**THE PROBLEM:** Starting with the line that has "Il piastrellista lavora" in the records below and ending with the line that has "Kaputte Ausrüstung auf dem Spielplatz", output those lines exactly and nothing more; omit the pictures.

**RECORD EXCERPTS:**
#####
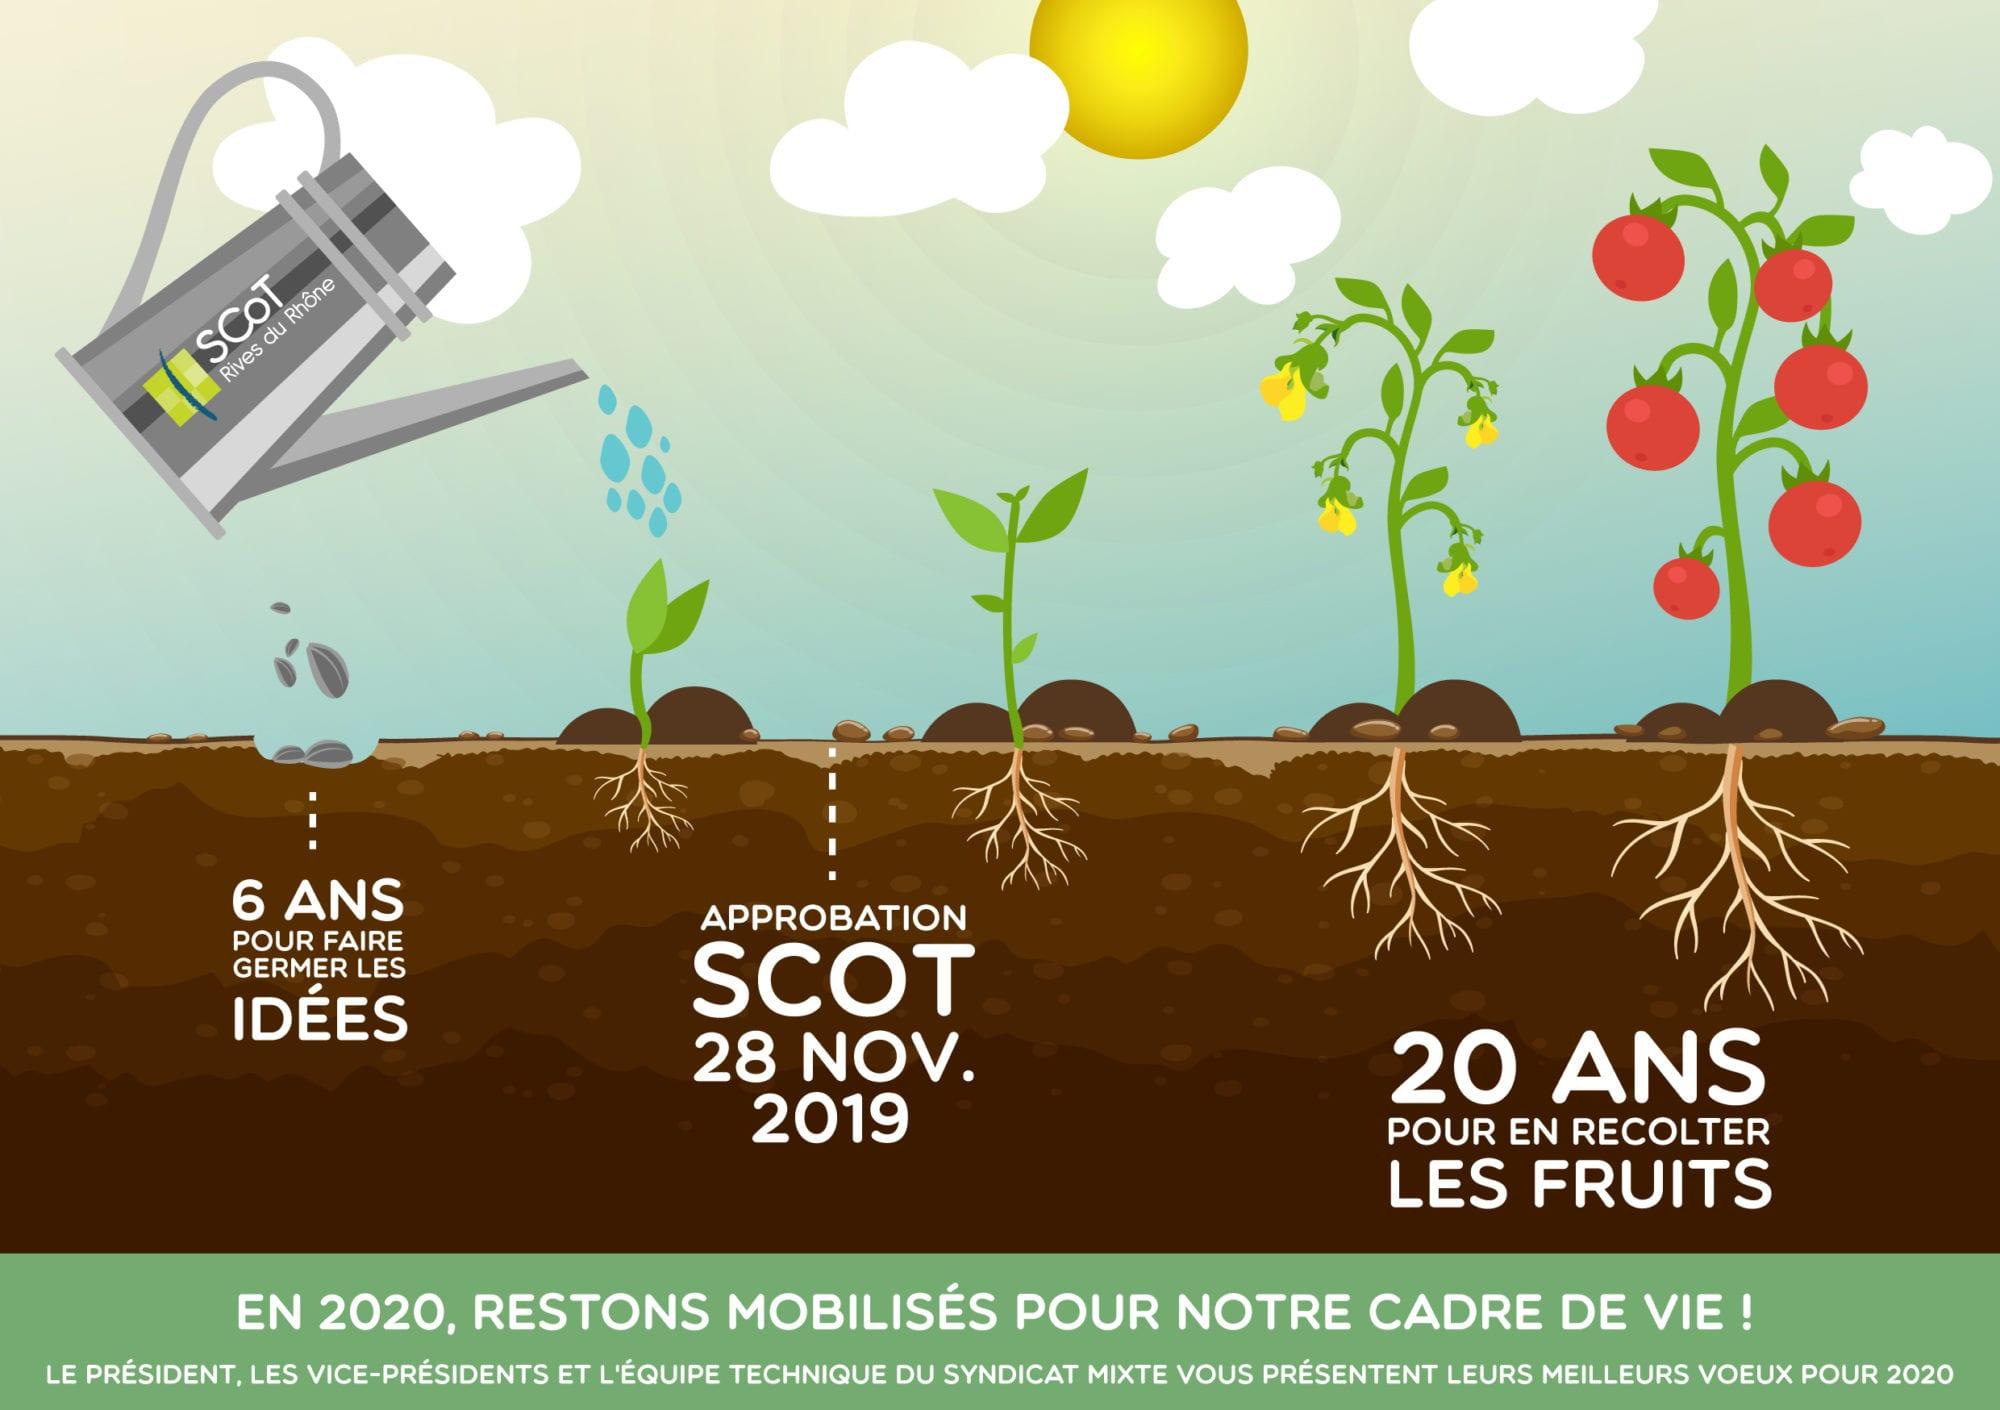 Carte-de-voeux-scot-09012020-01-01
#####
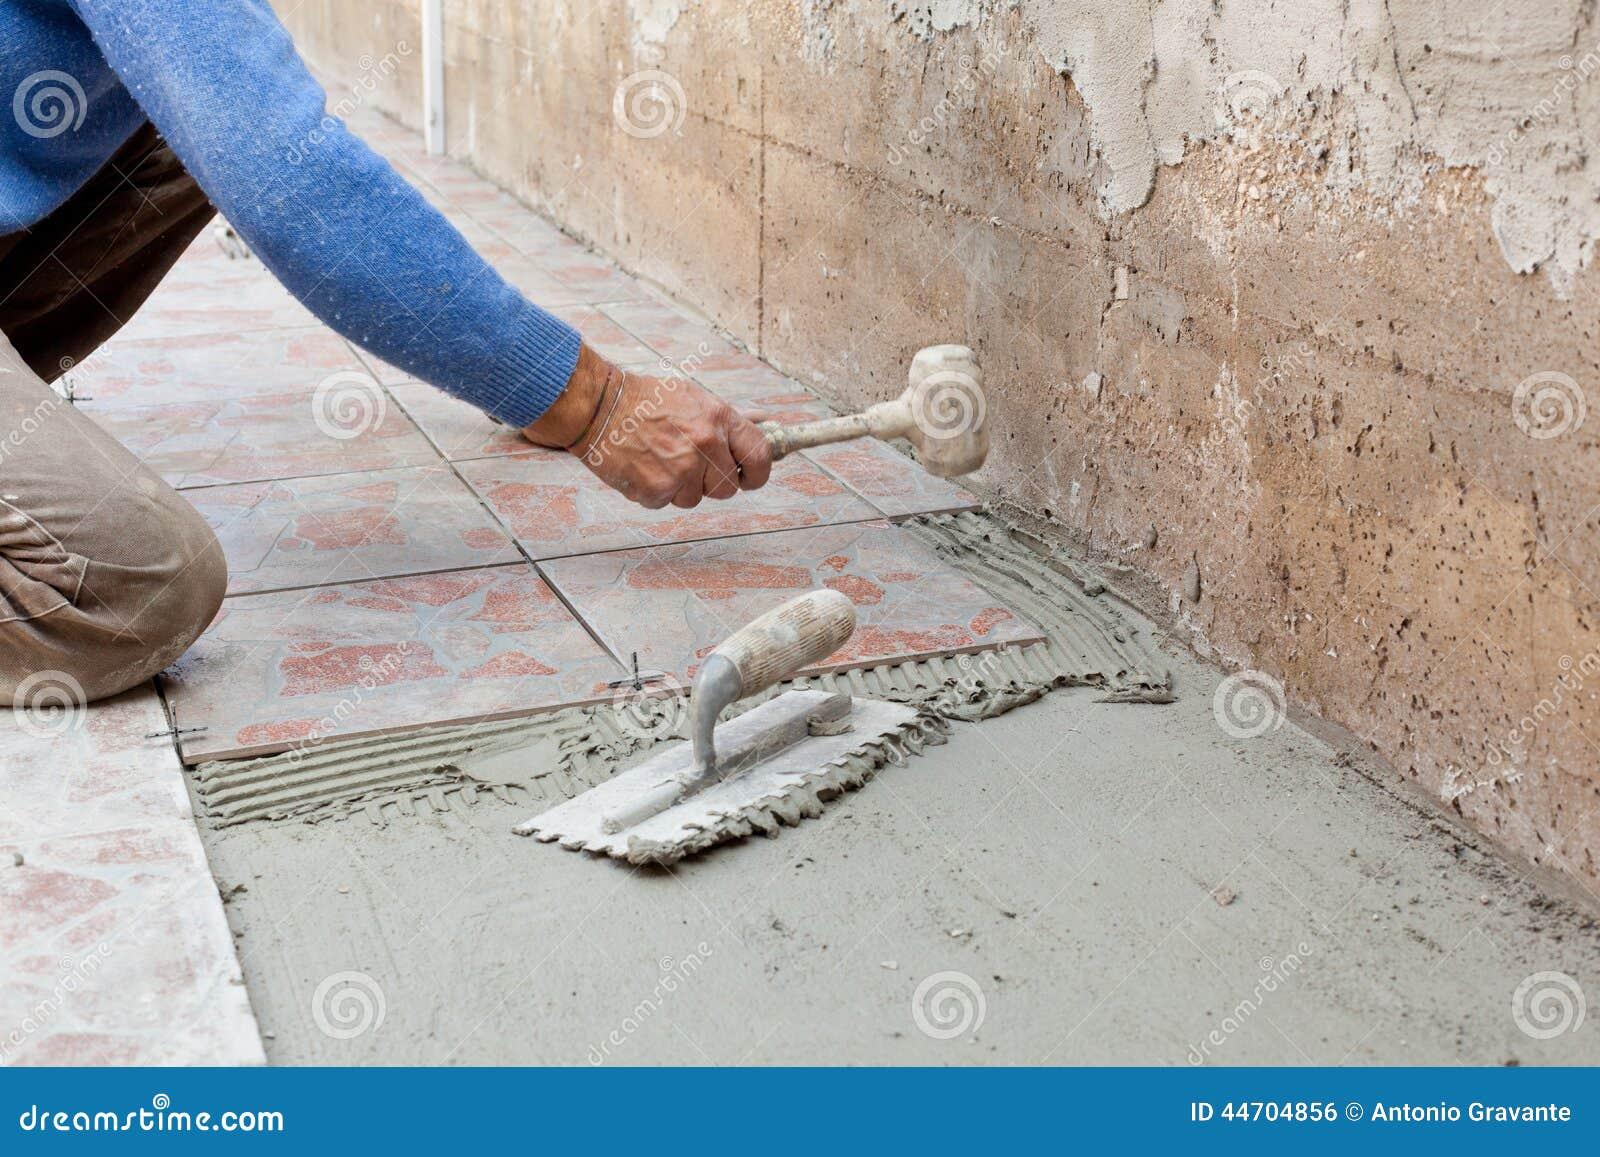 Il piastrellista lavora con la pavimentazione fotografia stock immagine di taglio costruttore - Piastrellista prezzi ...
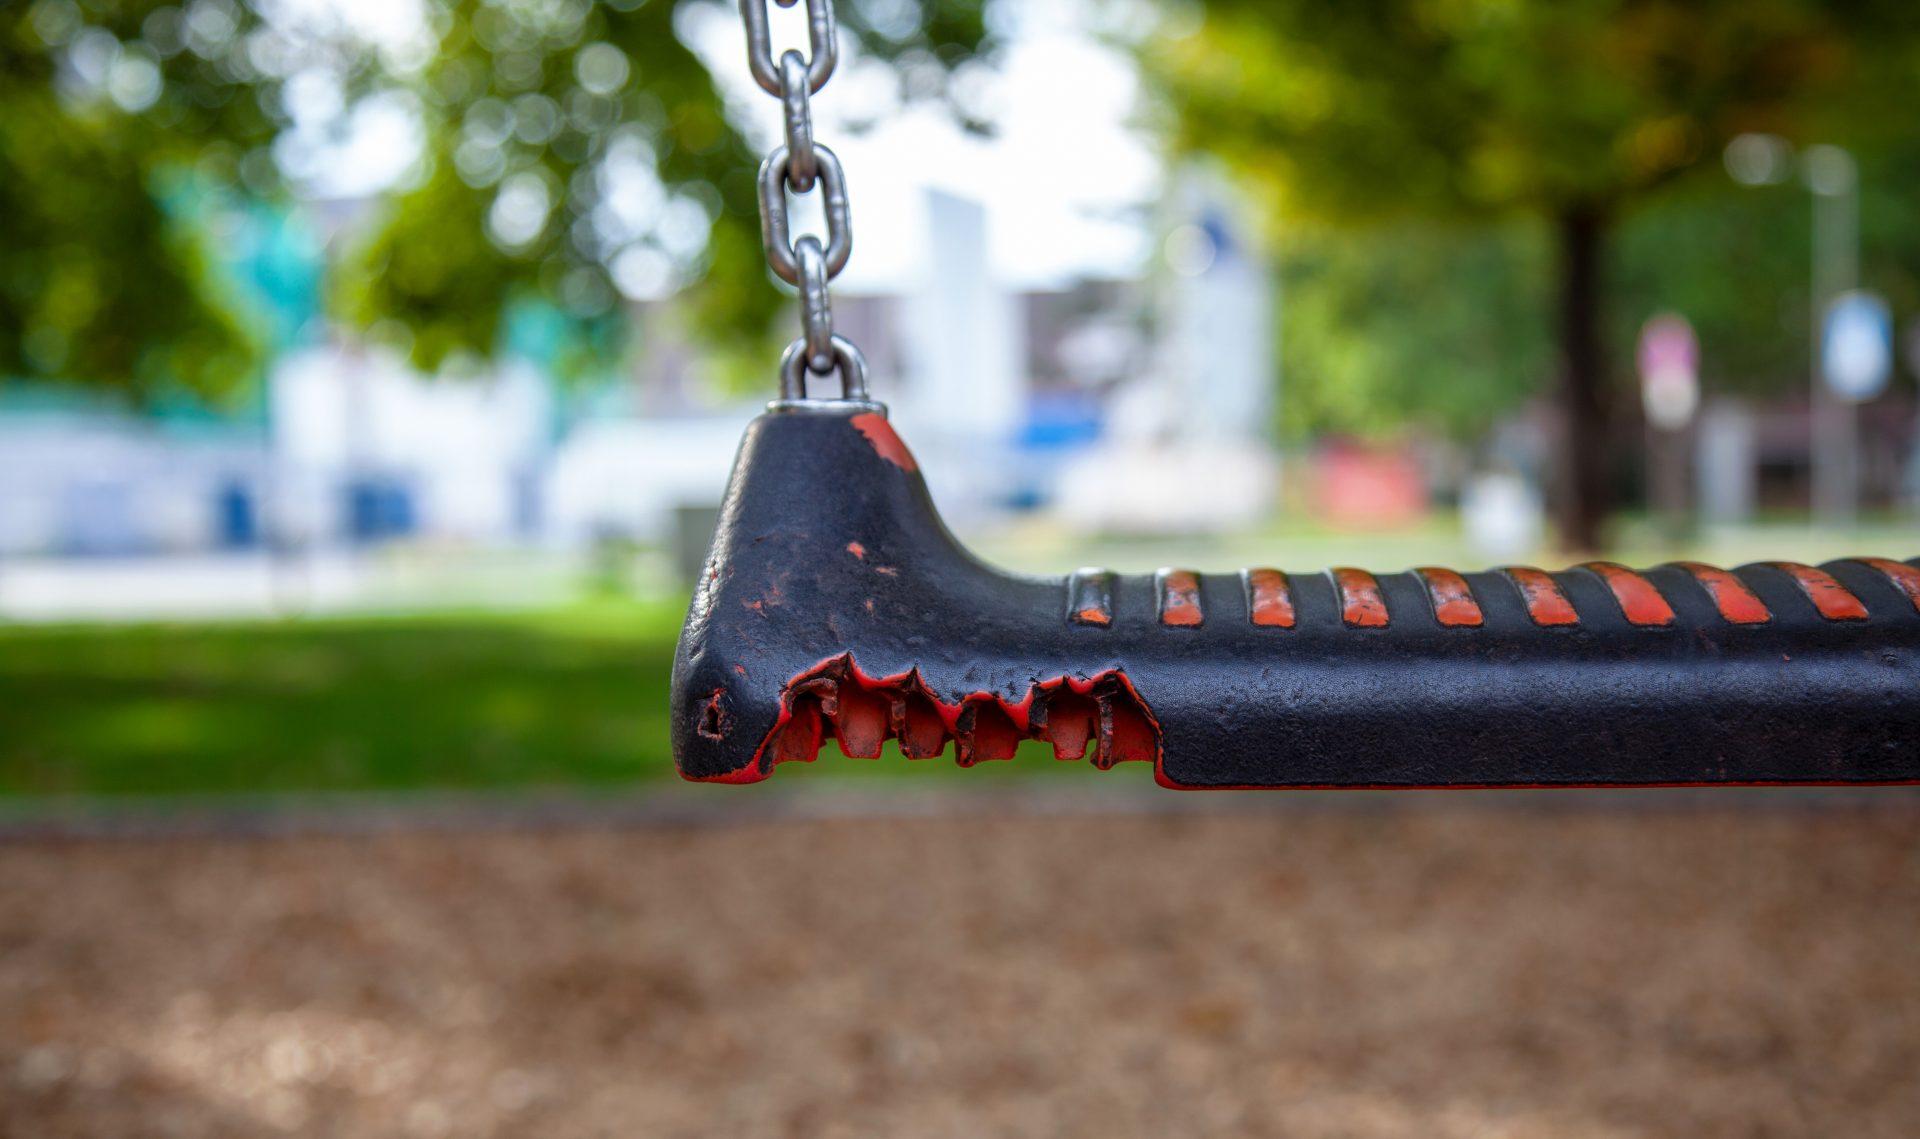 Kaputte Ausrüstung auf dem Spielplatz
#####
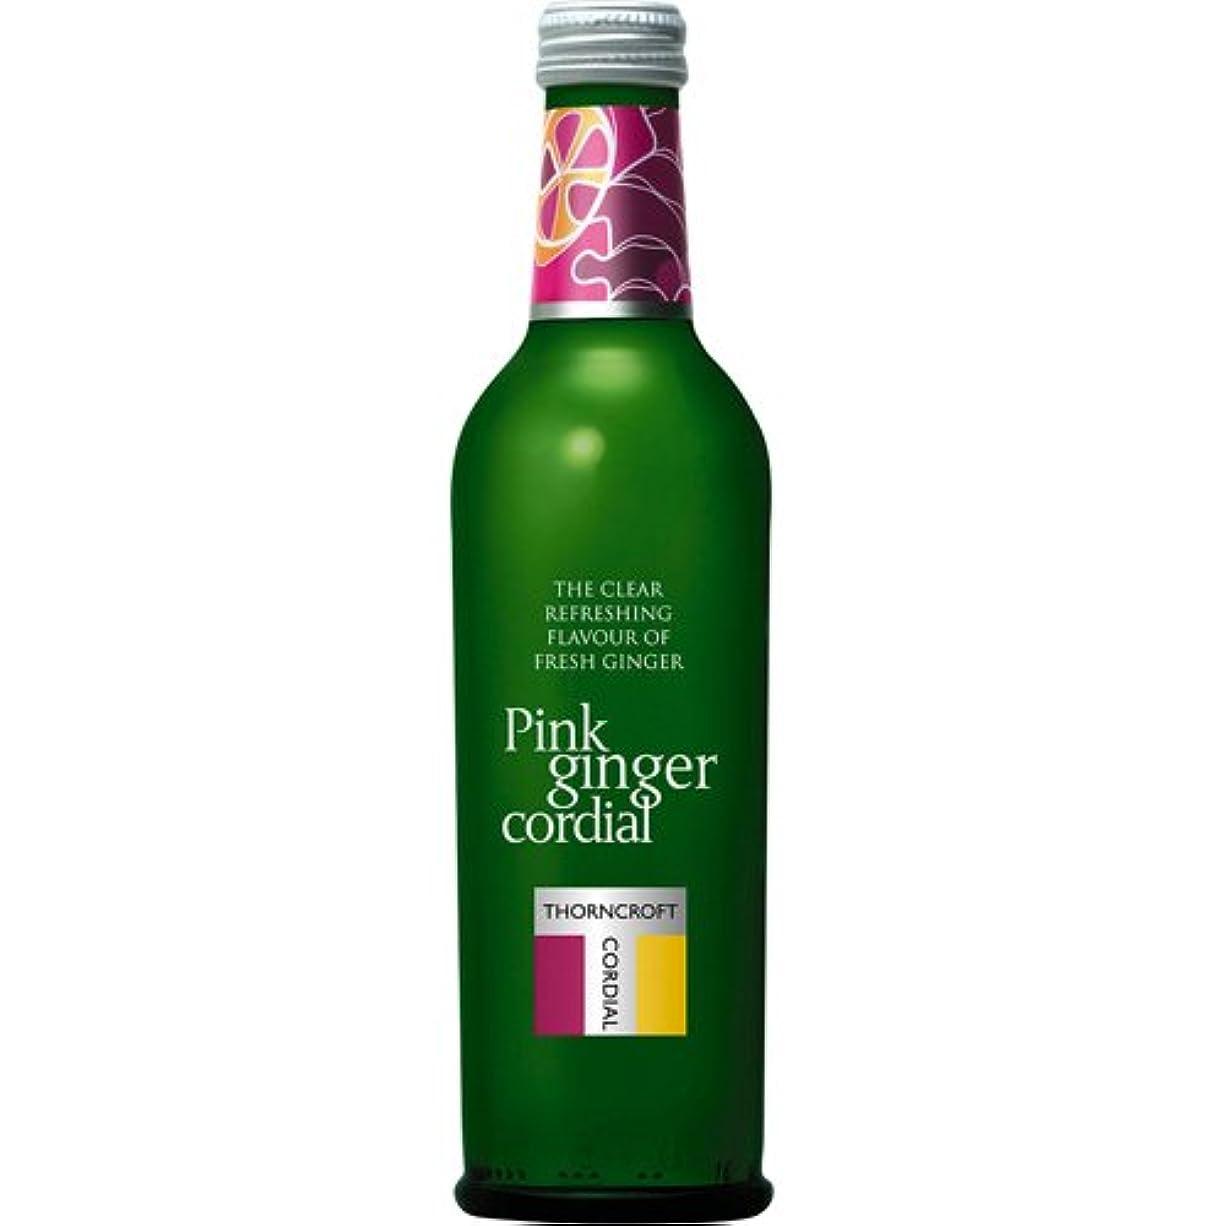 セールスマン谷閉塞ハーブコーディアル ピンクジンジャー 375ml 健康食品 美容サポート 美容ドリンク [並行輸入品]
#####
**EXERCISE RESPONSE:**
 Il piastrellista lavora con la pavimentazione fotografia stock immagine di taglio costruttore - Piastrellista prezzi ...
 Kaputte Ausrüstung auf dem Spielplatz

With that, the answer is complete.